Implement a Stack That Supports O(1) Time Retrieval of Maximum Value

Implement a Stack That Supports O(1) Time Retrieval of Maximum Value

Problem Description
Design a stack that supports standard push and pop operations, and also supports retrieving the maximum value in the stack in O(1) time.

Solution Approach
Standard stack operations push and pop are O(1), but retrieving the maximum value requires traversing the entire stack, which has a time complexity of O(n). To achieve O(1) time retrieval of the maximum value, we can use an auxiliary stack to synchronously record the maximum value for each state.

Detailed Implementation Steps

  1. Data Structure Design

    • Use two stacks:
      • dataStack: The main stack storing the actual data.
      • maxStack: An auxiliary stack storing the current maximum value.

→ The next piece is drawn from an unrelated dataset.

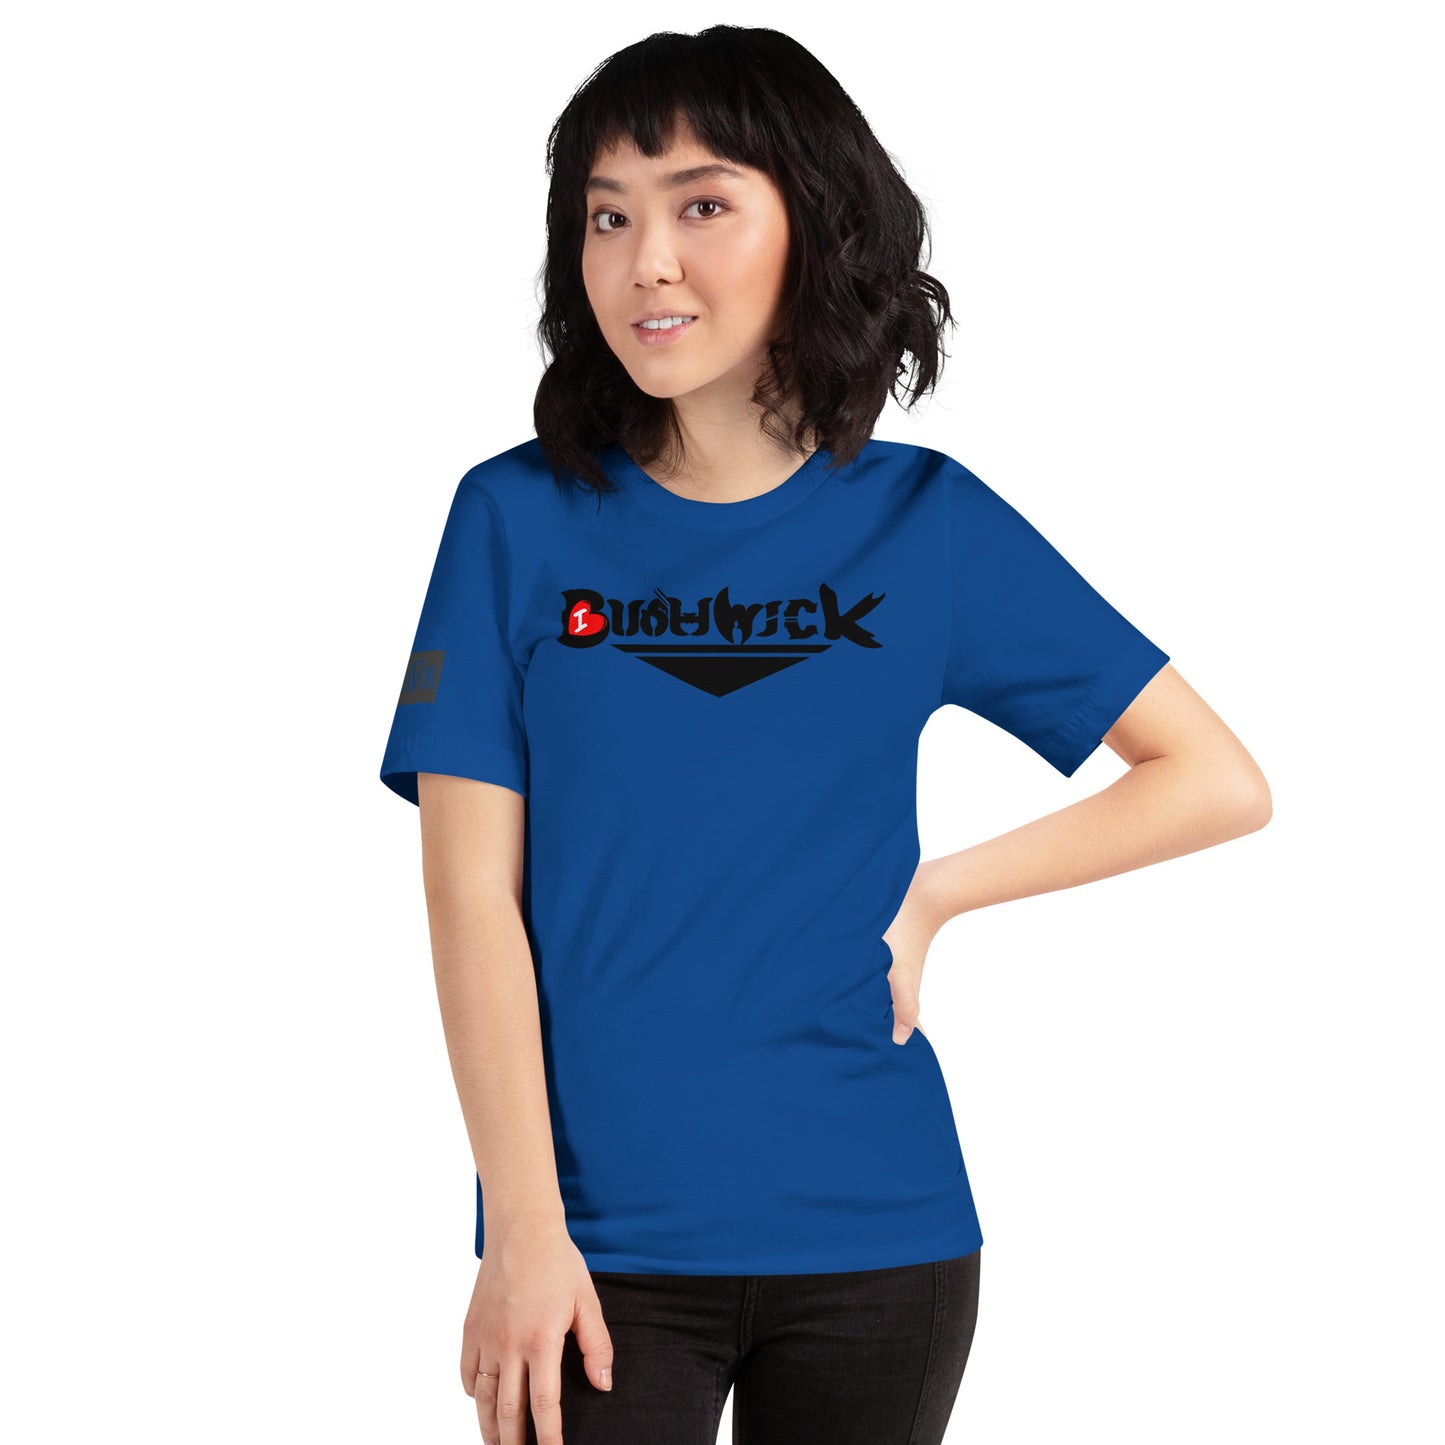 6Bushwick Love Unisex T-Shirt

Its top always corresponds to the maximum value in the current state of the main stack.

  2. Implementation of Push Operation

    • Push the new element onto dataStack.
    • Compare the new element with the top element of maxStack:
      • If maxStack is empty, directly push the new element onto maxStack.
      • Otherwise, push the larger value between the new element and the top element of maxStack onto maxStack.
    • Time Complexity: O(1)

  3. Implementation of Pop Operation

    • Pop the top elements from both dataStack and maxStack simultaneously.
    • Return the element popped from dataStack.
    • Time Complexity: O(1)

  4. Implementation of getMax Operation

    • Directly return the top element of maxStack (without popping it).
    • Time Complexity: O(1)

Complete Code Example (Java)

class MaxStack {
    private Stack<Integer> dataStack;
    private Stack<Integer> maxStack;

    public MaxStack() {
        dataStack = new Stack<>();
        maxStack = new Stack<>();
    }
    
    public void push(int x) {
        dataStack.push(x);
        if (maxStack.isEmpty()) {
            maxStack.push(x);
        } else {
            maxStack.push(Math.max(x, maxStack.peek()));
        }
    }
    
    public int pop() {
        maxStack.pop();
        return dataStack.pop();
    }
    
    public int top() {
        return dataStack.peek();
    }
    
    public int getMax() {
        return maxStack.peek();
    }
}

Example Walkthrough
Operation sequence: push(3), push(5), push(2), getMax(), pop(), getMax()

Execution process:

  1. push(3)

    • dataStack: [3]
    • maxStack: [3] (current maximum: 3)

  2. push(5)

    • dataStack: [3,5]
    • maxStack: [3,5] (compare 5 and 3, take the larger value 5)

  3. push(2)

    • dataStack: [3,5,2]
    • maxStack: [3,5,5] (compare 2 and 5, take the larger value 5)

  4. getMax() → returns 5 (top of maxStack)

  5. pop()

    • dataStack pops 2 → [3,5]
    • maxStack pops 5 → [3,5]
    • returns 2

  6. getMax() → returns 5 (top of maxStack)

Complexity Analysis

  • Time Complexity: All operations are O(1).
  • Space Complexity: O(n), as the auxiliary stack requires extra space.

Key Points

  • The auxiliary stack operates synchronously with the main stack (push and pop together).
  • The size of the auxiliary stack always matches that of the main stack.
  • Each push operation stores the maximum value of all current elements in the main stack into the auxiliary stack.
  • This design ensures that the current maximum value of the stack can always be retrieved directly at any time.